Have you ever made a decision to not use Pony (or whatever the new sexy tech)?
I've read a few blog posts now and the end result always seems to be Pony.
You even talk up how great the C and Java client libraries are. Well they can't be as great as you say or you would have used them.
The C library seems to perform better, be more featureful, and tested better. So once again, why? It certainly can't be because you library is going to top the C library in any way. The article even seems to imply you'd be happy being at parity with the C lib.
In regards to the C and Scala/Java client libraries. They are great for what they do and how they do it. However, that doesn't mean they're ideal in every scenario. For example, the Scala/Java client is the most feature rich client and is actively developed in sync with the Kafka brokers. This, however, doesn't make it suitable for embedding in other languages.

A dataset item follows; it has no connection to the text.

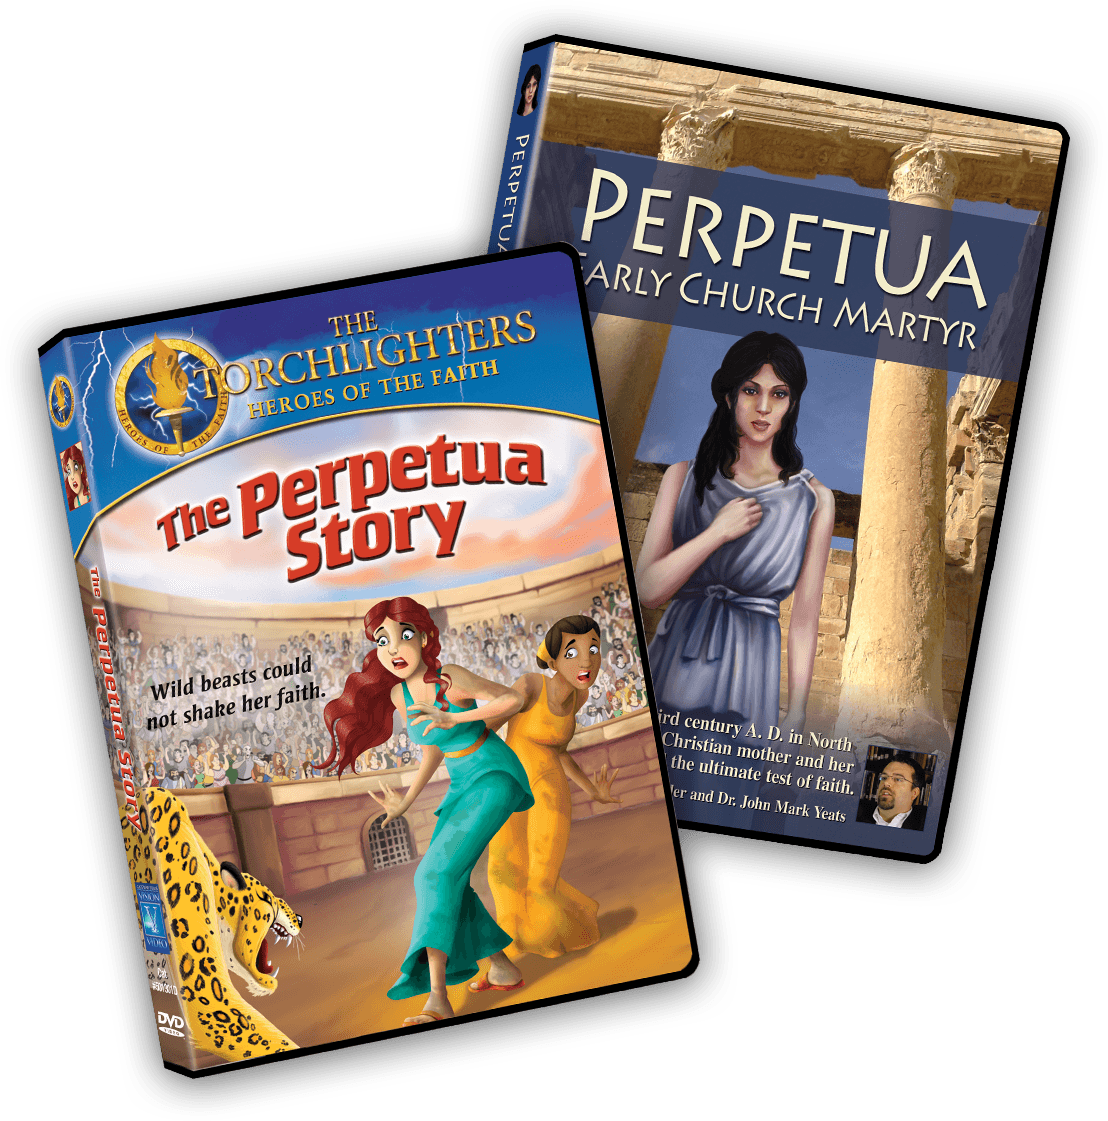 Two DVDs: The Perpetua Story and Perpetua: Early Church Martyr

As a result, the C client was created by the community and is now officially supported by Confluent. That doesn't in any way take away from the quality of the Scala/Java client though.
Also, while the C client is more featureful and better tested, there is still the concern regarding the thread pools internal to Pony and librdkafka. We've seen first hand how CPU cache invalidation can impact performance so we are very aware of the potential negatives if the Pony and librdkafka threads ever end up fighting with each other over the same CPU resources and would prefer to avoid that.

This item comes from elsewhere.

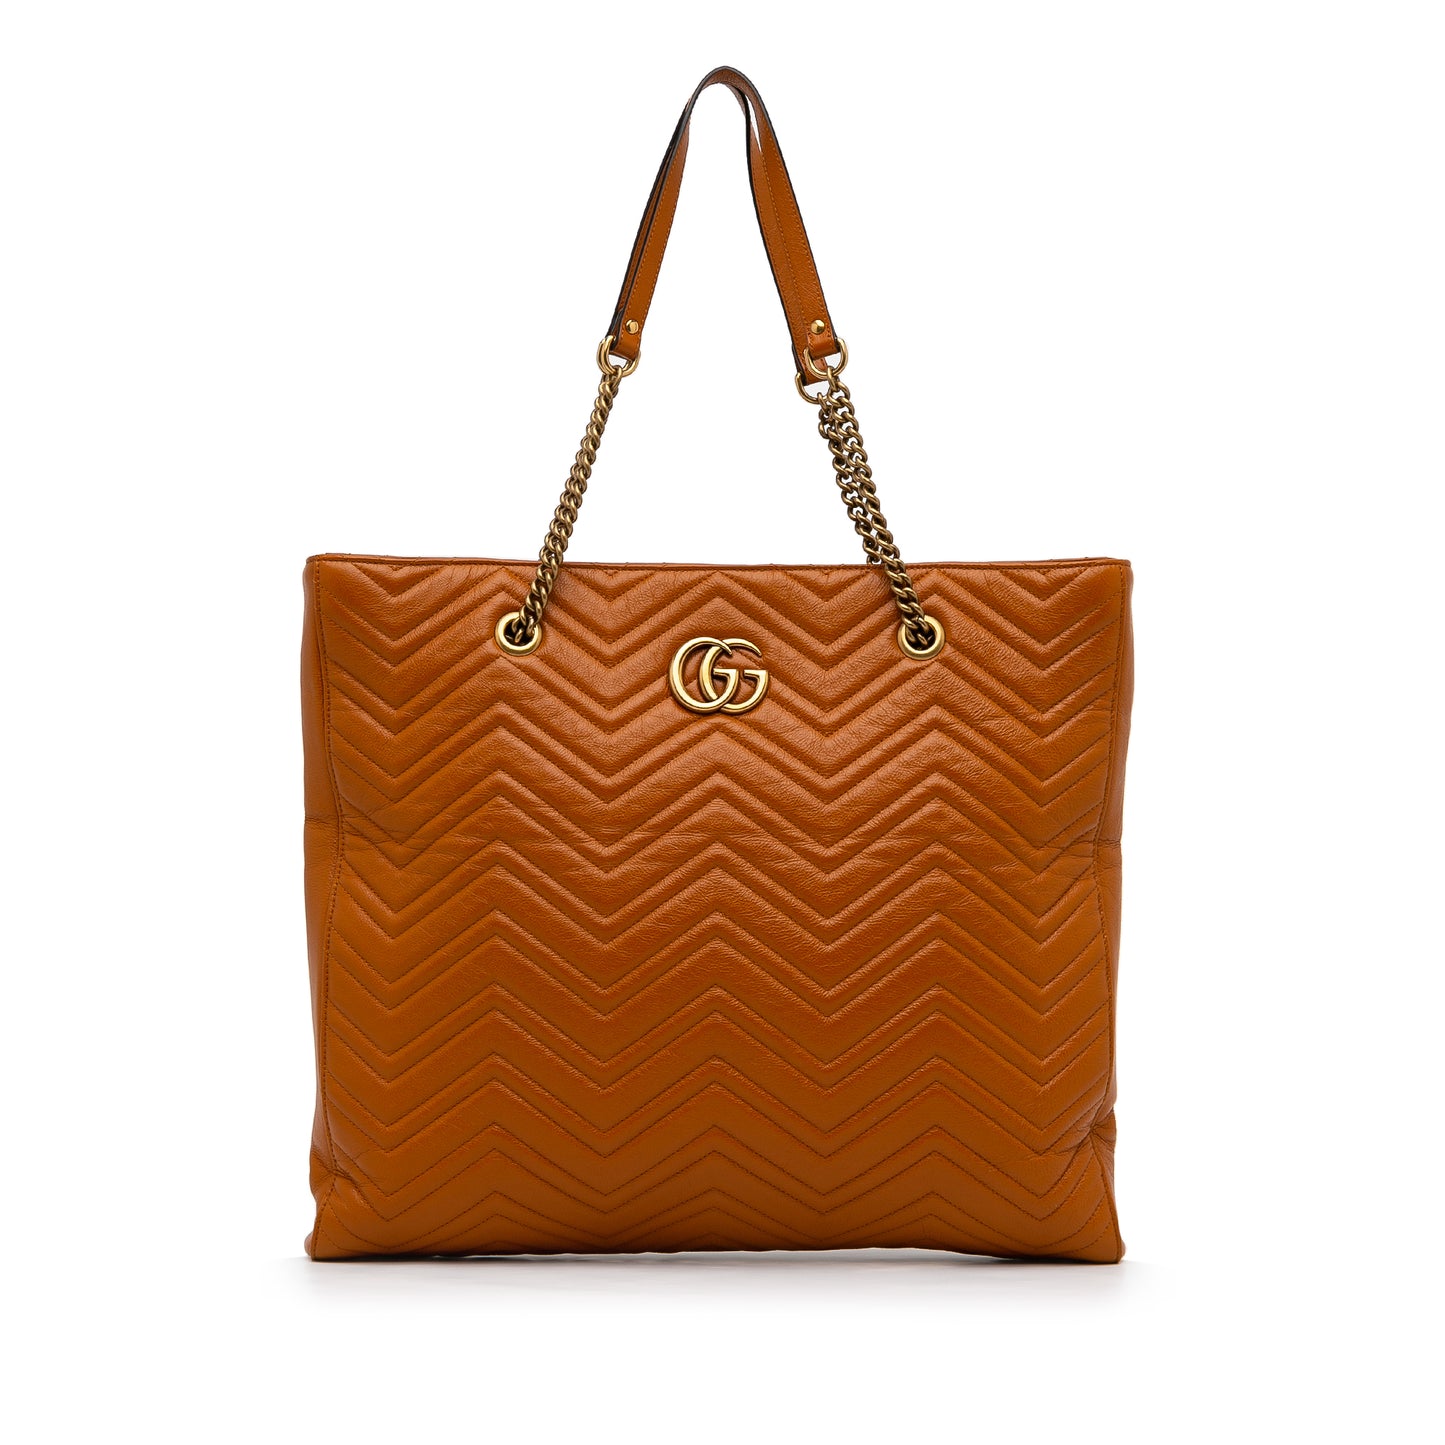 GG Marmont Tote Bag

Yes, Pony Kafka is currently slower than the C client. But it is also almost completely untuned as of right now. We expect there is a lot of low hanging fruit on that front that will give us significant gains. Yes, we mention in the blog post that we would be happy at being parity with the C client but our goal has always been to exceed it, eventually. Both in terms of performance and features.
I'm coming from this as somebody who often has to rewrite a lot of library code because of certain performance issue and poor decisions from library writers often regarding things like garbage collection and hidden resources, like thread pools or an event loop, that cannot be hooked into. I see it all the time. I can no longer count the number of times I've had to rewrite parts of the JDK or networking libraries because of these issues.

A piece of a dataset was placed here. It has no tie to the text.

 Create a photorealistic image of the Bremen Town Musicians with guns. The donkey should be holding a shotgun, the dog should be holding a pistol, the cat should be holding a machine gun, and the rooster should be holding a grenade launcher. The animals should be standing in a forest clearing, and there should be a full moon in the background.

Now, this is what I'm hearing from what you are saying:
> 1- We can't use a JVM implementation because we aren't using a JVM language.
Makes sense.
> 2- The C library is okay, but hides its thread pool with no way to access it.
Ugh. Hate that. Its like these people writing these have never had to use them in a real project. The sign of a mediocre library.
Pony's actor model might have to rewrite almost any library used by it when concurrency is involved.
But now, I think you answered your own question in the titles now:
> Why we wrote our Kafka Client in Pony
1- Because the C library is mediocre and hides its threads from users making it not very useful for high-performance applications.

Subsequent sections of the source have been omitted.